# Hacker zurückverfolgen



## Precog (3. April 2003)

hi

ich poste diese frage hier, weil ich nicht wusste wo sonst,
und weil ich denke, dass hier mit die fähigsten leute sitzen...

mein freund hat mal aus spaß versucht, meinen server zu hacken
[er ist der totale anfänger-hacker] und hat es natürlich nich geschafft.
dann hat er es irgendwelchen cs-süchtigen erzählt, und jetzt
versucht glaub ich sein ganzer clan voller irrer, krampfhaft meinen server zu hacken. noch sind sie ja noch nich drauf.

FRAGE: was kann ich tun? ich will denen ja nich gleich ne anzeige schicken.
wie kann ich wissen, wer auf meinem server war?
*muss* ich dazu die IP haben???
oder geht das auch anders? kann ich meinen server [all-inkl.com] irgendwie besonders schützen?

thx
victork

PS: Auch wenn die nix löschen, ich finde es trotzdem nich so doll, wenn da jemand drauf rumschnüffelt, oder dateien hochläd.


----------



## Neuk (3. April 2003)

Ich denkmal im Normalfall werden die des net schaffen.
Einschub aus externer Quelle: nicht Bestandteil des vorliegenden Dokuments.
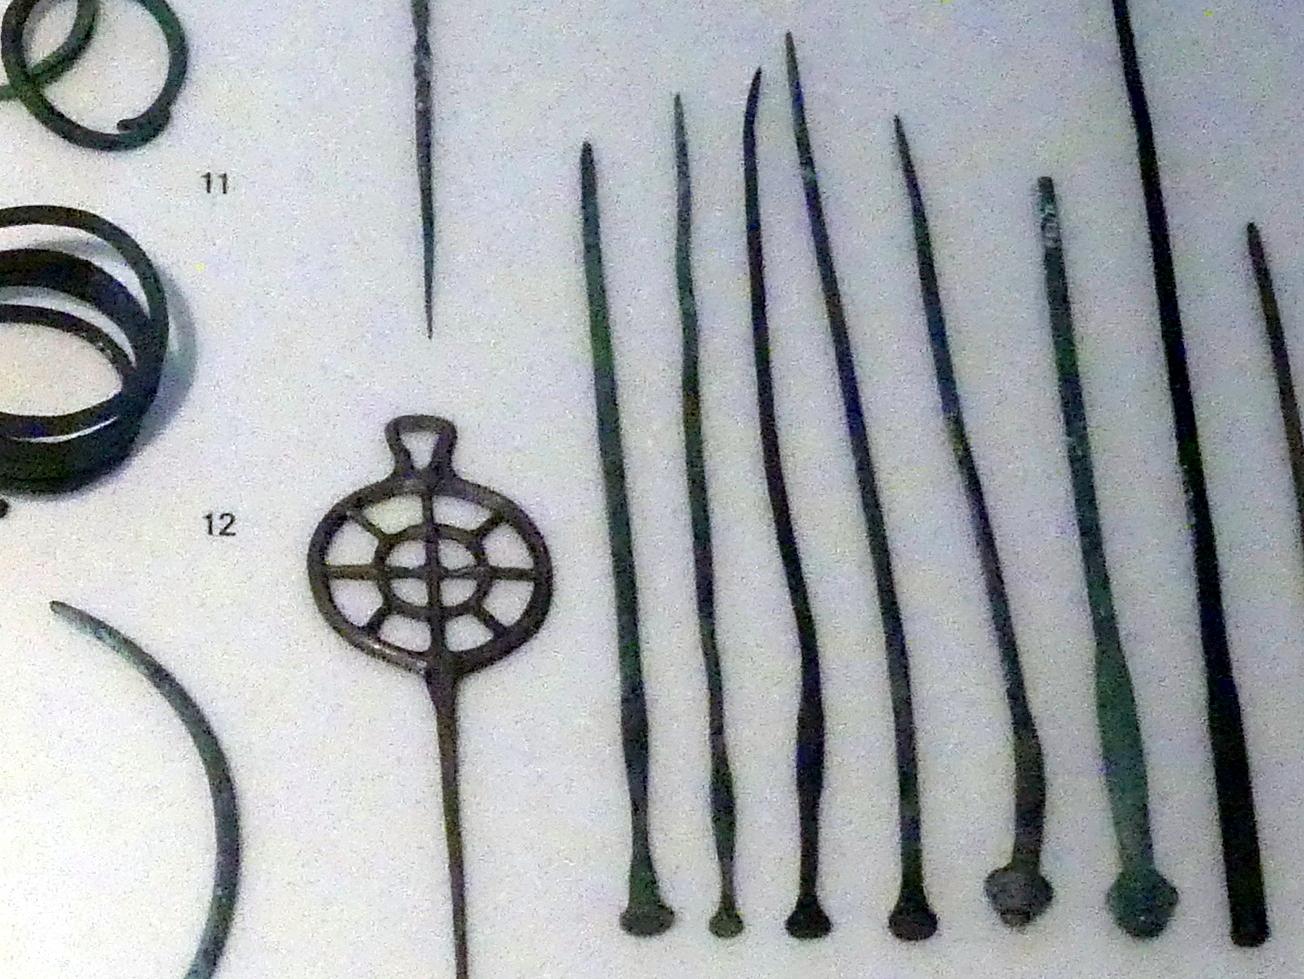 Nadeln, gerieft, mit verdicktem Hals, Bronzezeit, 3365 - 700 v. Chr., 1500 - 1400 v. Chr.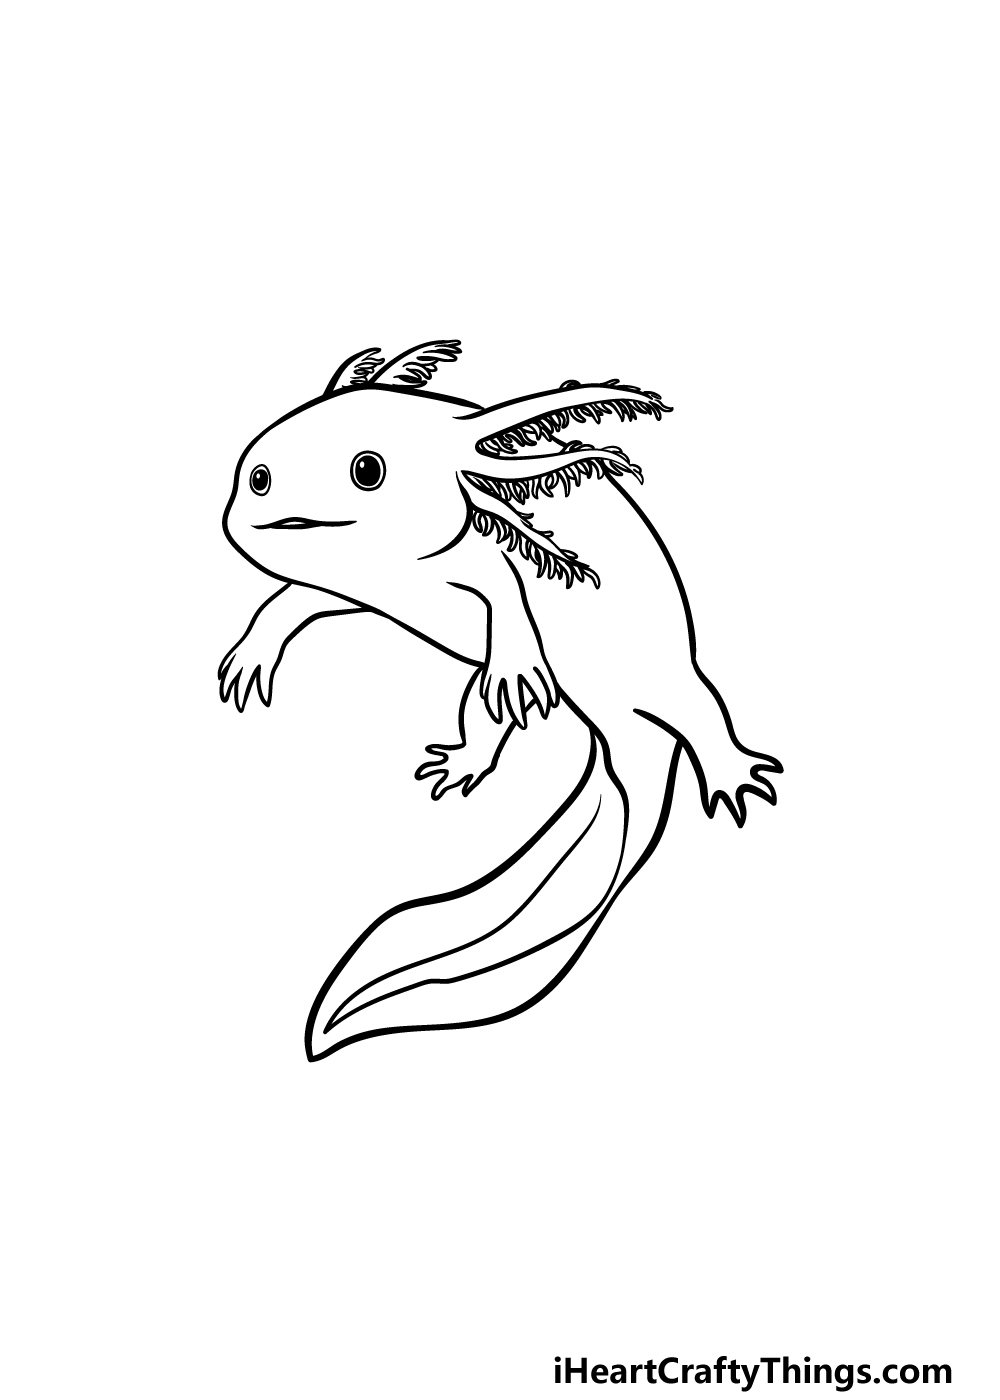 Drawing An Axolotl step 5

Falls doch, wird sich, so denke ich, dein Provider, nachdem du ihn darauf hingewiesen hast, das du bzw. seine Server gehackt wurden, selbstständig darum kümmern, schliesslich bist du Kunde bei ihm und hast das Recht auf Sicherheit.


----------



## alexorg (3. April 2003)

ich denke auch das die kleinen script kiddies das sowieso nicht schaffen würden... und wenns dann doch zu auffällig wird wird das der hoster schon bemerken und rechtliche mittel dagegen ergreifen...
und ich nehme mal an, dass das nicht DEIN server ist sondern du nur da deine page gehostet hast... 

mfg,

alex


----------



## Sway (4. April 2003)

also ich geh davon aus, das n paar Scriptkinder keine Chance haben, aber es gibt auch härtere Fälle. Das hab ich hier in nem anderen Forum gesehen http://forum.ingame.de/wolfenstein/showthread.php?s=&threadid=17758
Also scheint man bei einem eigenen Server beim Hoster echte probs zu haben.


----------



## sumpfhuhn (4. April 2003)

wenn das mein server währe würde ich logs durch forsten und alles dicht machen was nur geht  wenn sie nur mit son script müll spieln lasse ruhig passiert nicht viel. bestimmt win nuke und sowas  

wenn sie wirklich schaden anrichten würden, würde ich warscheinlich mein provider bescheid sagen. ist ja schließlich seine hardware (meistens) mit. naja wenn son depp bei mir das machen würde und ich erwisch den dann ist die chance der überlebung niedrig 

für jedes verbrauchte byte ein schlag, eigentlich bin ich nicht der der gern zuschlägt aber wenns an mein linux geht ;-) is der jenige fällig

bye,
kannst dir ja uch son server mieten der vom provider überwacht wird, nachteil kein root


----------



## Chino (4. April 2003)

> _Original geschrieben von Sway _
> *Also scheint man bei einem eigenen Server beim Hoster echte probs zu haben. *



wie gesagt, bei einem root server bist DU für die sicherheit verantwortlich.


----------



## Wolfsbein (4. April 2003)

Ich möchte da mal auf meinen Thread im Webserverforum verweisen: http://www.tutorials.de/forum/showthread.php?s=&threadid=20760
Da findest du mehrere Antworten zum Thema zurückverfolgen und Anzeige etc.


----------